Dieser Europäische Rat hat für die wirtschaftspolitischen Zielsetzungen der EU und ihrer Mitgliedsländer ganz entscheidende Bedeutung. Es geht um Europas wirtschaftliche Leistungs- und Zukunftsfähigkeit, um die Gesundung der öffentlichen Finanzen und der Sozialkassen, um Arbeitsplätze. Der Einstieg war leider schon verheerend: Die gestrige Einigung der Finanzminister auf eine Aufweichung der Währungsstabilität, die heute von den Chefs abgesegnet werden wird, ist für eine wirtschaftliche Entwicklung Europas genau das falsche Signal. Die Stabilität des EURO ist kein Hindernis für Wachstum in Europa, wie das Finanzminister Eichel behauptet, sondern im Gegenteil die wichtigste Voraussetzung dafür. Eichels „Verhandlungserfolg“ wird sich noch als Pyrrhus-Sieg erweisen; denn er ist nicht zuletzt teuer erkauft worden durch die Bereitschaft der Bundesregierung, die deutschen EU - Zahlungen bei einer Ausweitung des EU – Budgets weiter zu erhöhen, damit die Staatsverschuldung weiter nach oben zu treiben und das Erreichen der ursprünglichen Maastricht-Ziele in noch weitere Ferne zu schieben.

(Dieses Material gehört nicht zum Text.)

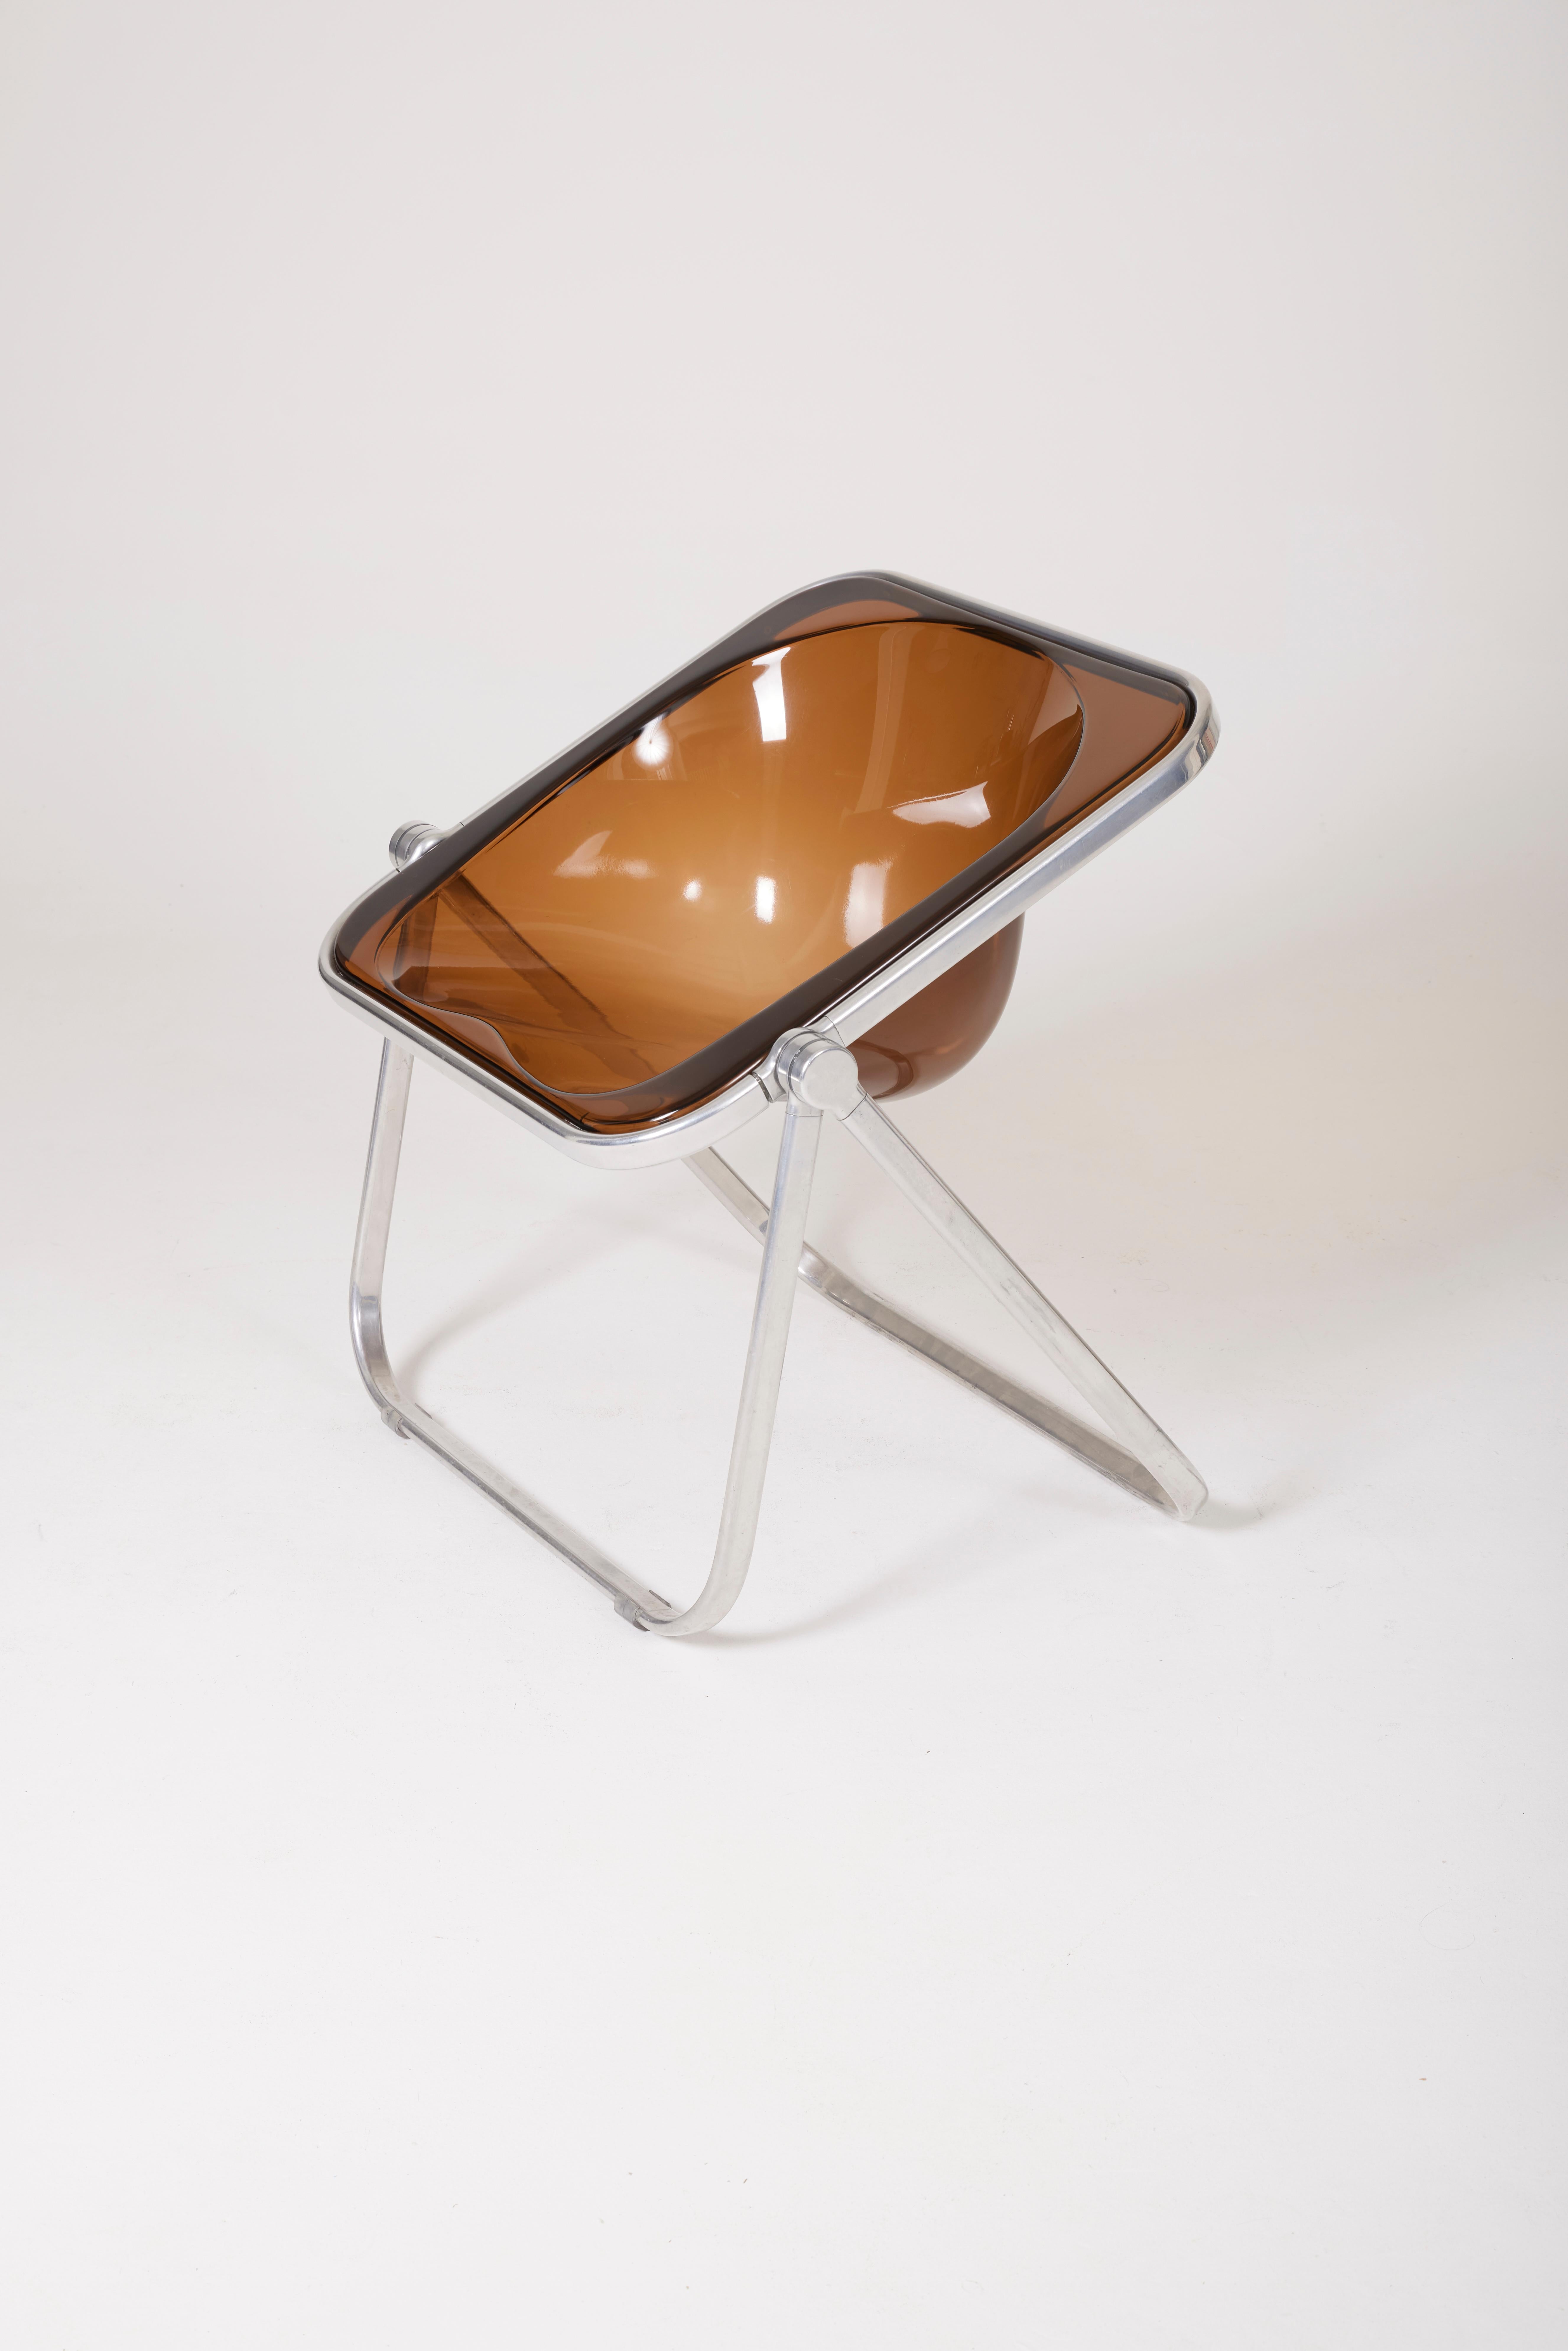 Plona armchair by Giancarlo Piretti for Castelli, dating from the 1970s. Polished aluminum frame and smoked methacrylate shell. Very rare in this condition. 5 chairs available.
LP1837-1838-1839-1840.

Umso wichtiger ist es, dass der Europäische Rat heute die Kommission bei ihren Bemühungen um eine Neuordnung der Lissabon-Strategie unterstützt. Strukturelle Reformen in allen Mitgliedsländern und mehr Wettbewerb statt immer mehr „offene Koordinierung“ – die Kommission hat erkannt, das Europa nur dann eine wirtschaftliche Zukunft hat, wenn an den ambitiösen Zielen der Lissabonstrategie festgehalten wird. Das heißt aber auch, dass die Mitgliedstaaten ihre Hausaufgaben erledigen und zu durchgreifenden Reformen bereit sein müssen, genau daran hapert es. Die Staats- und Regierungschefs wären daher gut beraten, wie von Ex-Kommissar Monti vorgeschlagen, ein Monitoring der Mitgliedstaaten bei der Umsetzung der Lissabon-Strategie einzuführen. Dann würden die Schwächen und Versäumnisse derer transparent, die den Zug zur Erneuerung Europas bremsen. Dann würde auch deutlich werden, dass bei diesem europäischen Transformationsprozess die rot-grüne deutsche Regierung der schwerste Bremsklotz ist.